Apple/mystery snails are the same thing just a common name for Pomacea diffusa which come in many colours. Mostly youngsters eat plants not really adults. Pomacea canaliculata also known as apple/mystery snails will destroy your plants at any size.
I will have at least 4-5 different colours of diffusa for sale soon all are raised in my tanks. Same thing for some spixis and blue ram horns. I might have some medium/large spixis I can spare now.
Link to read up on the apple/mystery snails.
http://www.applesnail.net/content/multi_languages/english.htm

Asolene spixi IME eat algae and haven't touched my plants if they're well fed.

Ram horns are good for controlling some algae as well but can reproduce in large numbers becoming a bother.

If you go for a pleco BN would be the best choice or a rubber lip pleco. Both can tolerate cooler temps BN's can take much lower temps.

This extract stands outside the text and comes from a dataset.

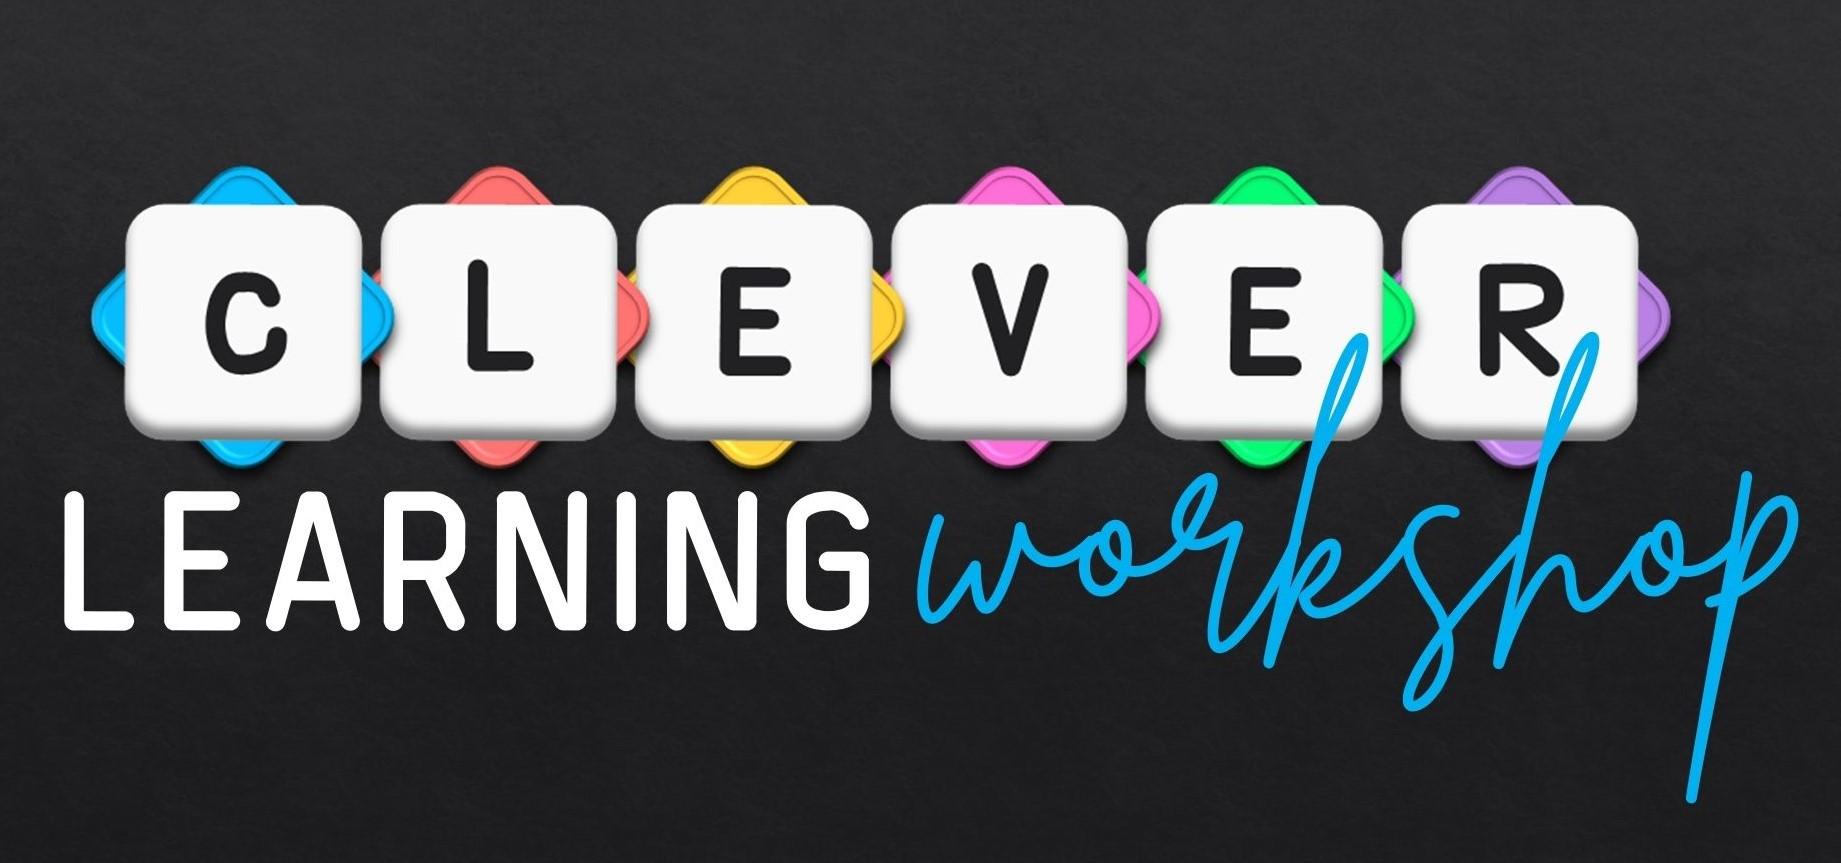 clever learning workshop

IMO best thing is to use a sponge and clean your glass with each water change.
Goldfish are dirty and adding more to the bio load is not the best solution.


----------



## Ryan.Wilton (Dec 12, 2012)

+1 again to cleaning the glass yourself ^_^ And I never ever considered the bio-load jackson lol.


----------



## zfarsh (Apr 7, 2011)

Just a clarification on common pleco and fancy type goldfish: the common pleco does sometime attach itself to the goldfish, and damage it by suking the slime coat. It can even happen when its dark or fish is sleeping. If you dont believe me, just ask the OP herself, as it happened to her as well!!! Will this happen to everyone or every other type of fish or regular goldfish? Of course not! Just happens more frequently to fancy goldfish, and I have seen several reports just googling it, and from the op herself. This was just fyi, not saying you have to follow


----------



## Newobsession (Nov 17, 2010)

hey Judy, just wanted to say glad you finally got everything re-organkzed and you're up and around and doing well. Did the pearl gourami's end up in the 75 planted ? would love to see pics. After reading all the posts, and excluding all the suggestions and bickering over the ones that you stated in your original post that you didn't want to begin with, I would say nerites are a good way to go. Good call Fishfur. Ryan and Zfarsh...play nice.


----------